After Mr. Hicks was involved in the July 14, 2004 motor vehicle accident, he did not return to see Dr. Landreneau until June 6, 2005, almost eleven months later. Notably, when Mr. Hicks returned to Dr. Landreneau in June 2005, he never even mentioned the July 14, 2004 accident at issue. Nor did he mention the accident in the interim to any of his treating psychiatrists or psychologists, who were treating him for several other conditions. According to Dr. Landreneau's progress notes for June 6, 2005, Mr. Hicks was "having worsening arm pain, numbness, dysesthesia and unsure if it is the right fourth finger. He has worsening neck pain and has a past history of cervical fracture." No reference was made to the July 2004 accident, much less, whether his current complaint of neck pain was related to the July 2004 accident. Additionally, on June 6, 2005, Dr. Landreneau requested an MRI be performed. This MRI indicated that at the C4-5 level, there was some mild disc bulging causing ventral flattening of the thecal sac with no central or foramen stenosis. However, this condition was not related by any medical testimony or evidence to the accident at issue. Mr. Hicks returned, for the last time, to see Dr. Landreneau on June 22, 2005. According to that progress note, Mr. Hicks was being treated for "C-2 fracture and degenerative disc disease and cervicalgia ... his C-2 fracture has healed. I will give him a full work release and he will follow up as needed." Again, there was no mention of the July 2004 accident or whether any of the conditions Mr. Hicks was being treated for were related to that accident.

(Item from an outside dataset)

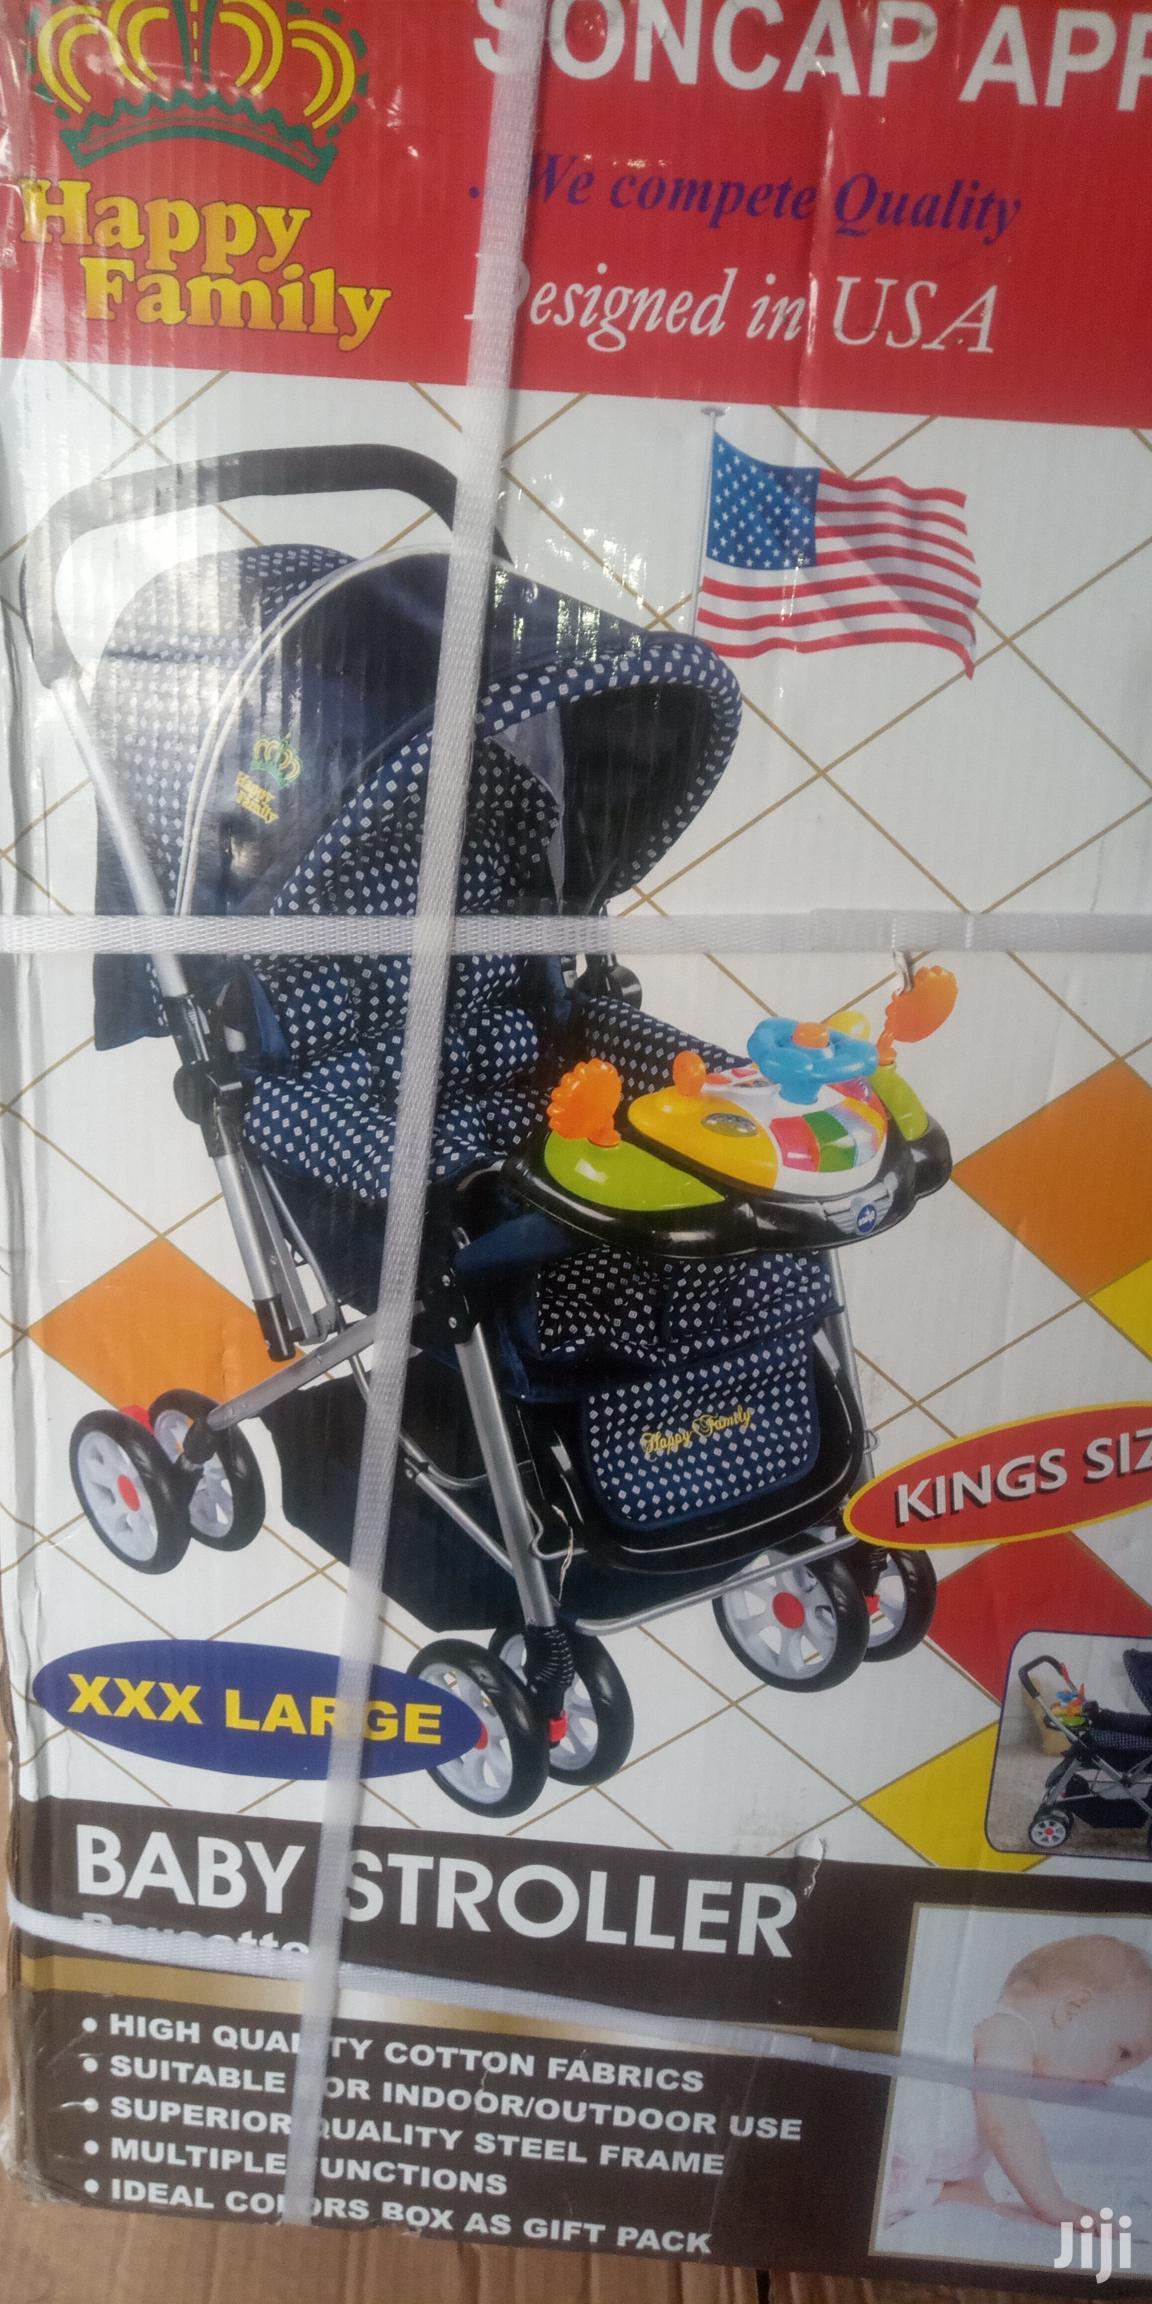 Archive: Happy Family 3 -in -1 Baby Stroller (Xxl Size) - Kingsize

I do not believe that the evidence offered by Mr. Hicks was sufficient to establish that it was more probable than not that Mr. Hicks's neck condition was caused by the July 14, 2004 accident, and therefore, Mr. Hicks's failed to discharge his burden of proving causation. Given this lack of evidence concerning causation, no trier of fact could reasonably conclude that Mr. Hicks was entitled to damages for his neck condition, and therefore, I would reverse the judgment of the trial court.

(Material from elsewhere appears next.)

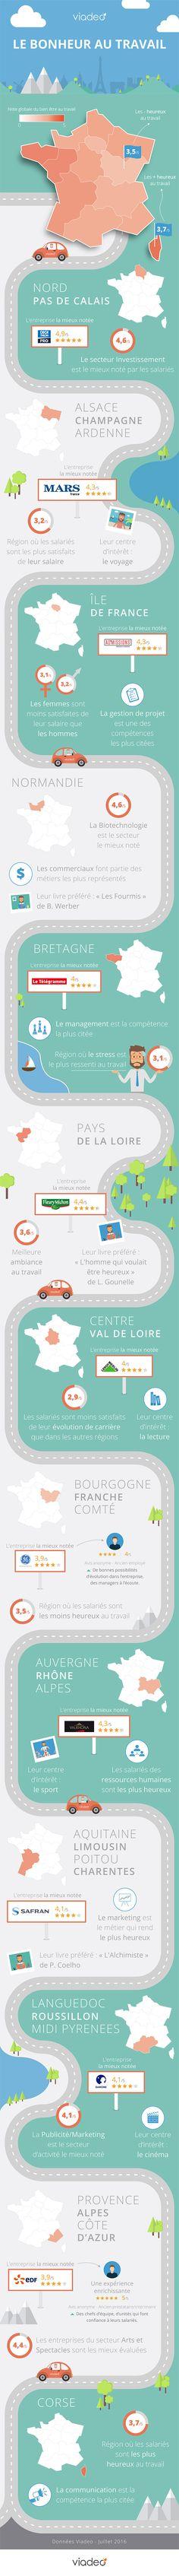 http://www.usine-digitale.fr/article/bonheur-au-travail-viadeo-sort-ses-chiffres.N403702
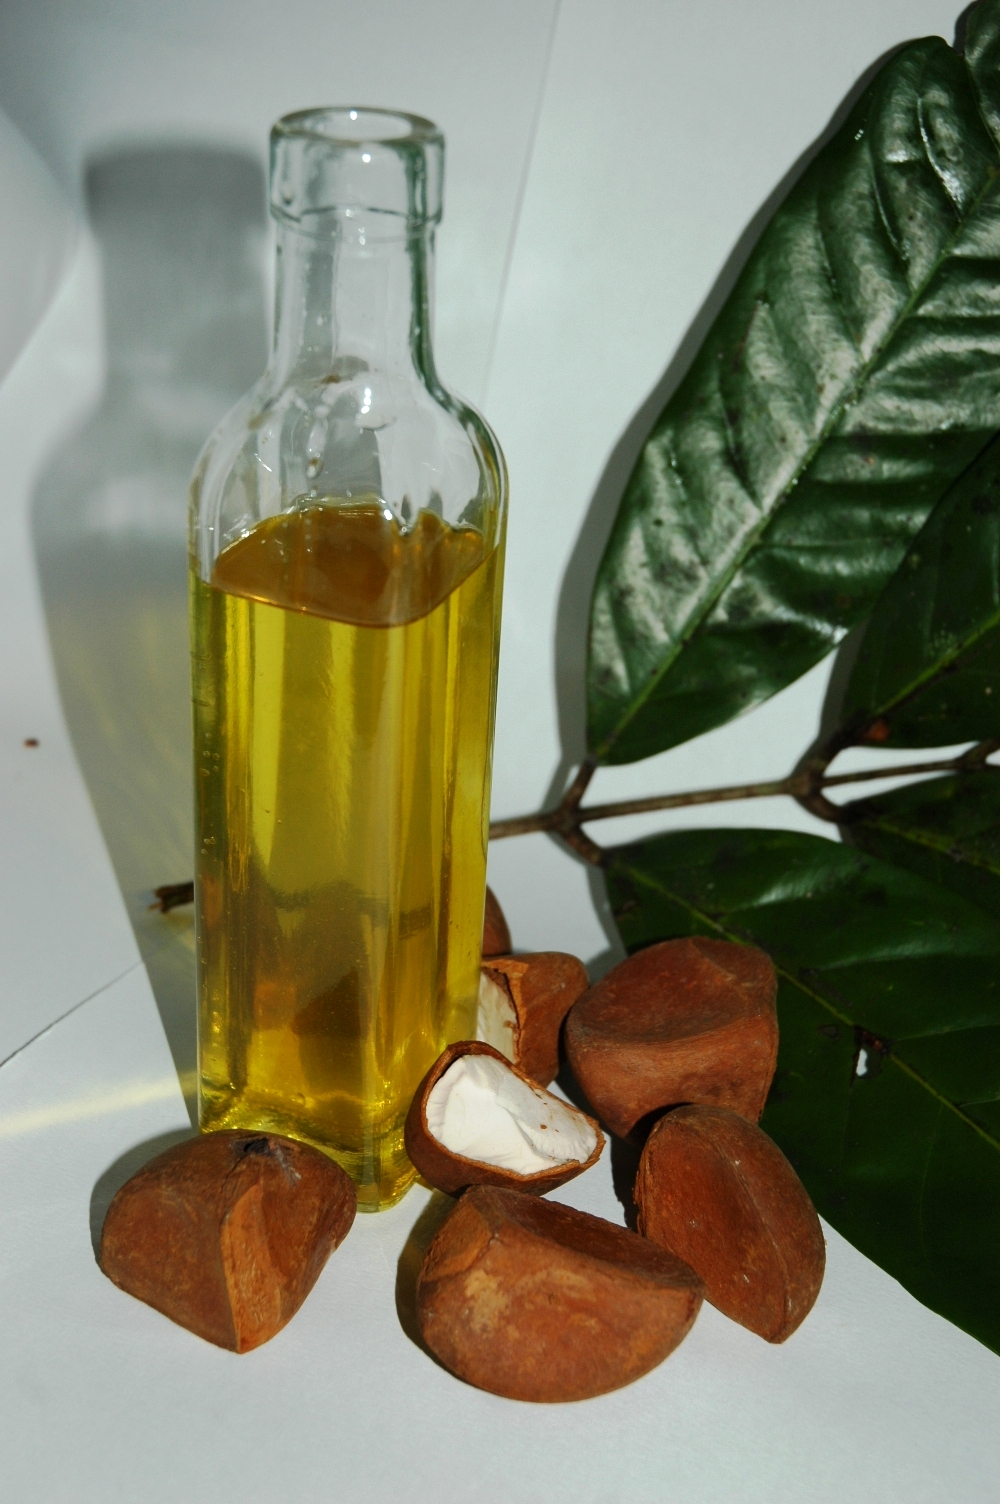 File:Crabwood oil or Andiroba oil.JPG - Wikimedia Commons

Thus, I respectfully dissent.

NOTES

[1] We note that some opinions seem to imply that plaintiff may only meet this burden through "medical testimony." See Yohn v. Brandon, XXXX-XXXX (La. App. 1 Cir. 9/27/02), 835 So. 2d 580, 584, writ denied, 2002-2592, (La. 12/13/02), 831 So. 2d 989. However, as noted above, causation is not proven exclusively through expert medical testimony, but can also be proven simply through "medical evidence" so long as the evidence presented by plaintiff amounts to a preponderance. See Cannet v. Franklynn Pest Control Company, Inc., 08-56 (La. App. 5 Cir. 4/29/08), 985 So. 2d 270, 276.

[2] Although Allstate points out at trial that Mr. Hicks fell off of a stool in a barroom while he had the halo on, we note that the fall was prior to Mr. Hicks's release to full work duty, his reports of zero pain, and the January 2004 radiology report showing no disc bulge at C4-5.

[3] The medical records introduced reveal that Mr. Hicks suffers from anxiety and depression. Both before and after this accident, Mr. Hicks treated with Drs. Sura, Bolter, and Rogers for those issues.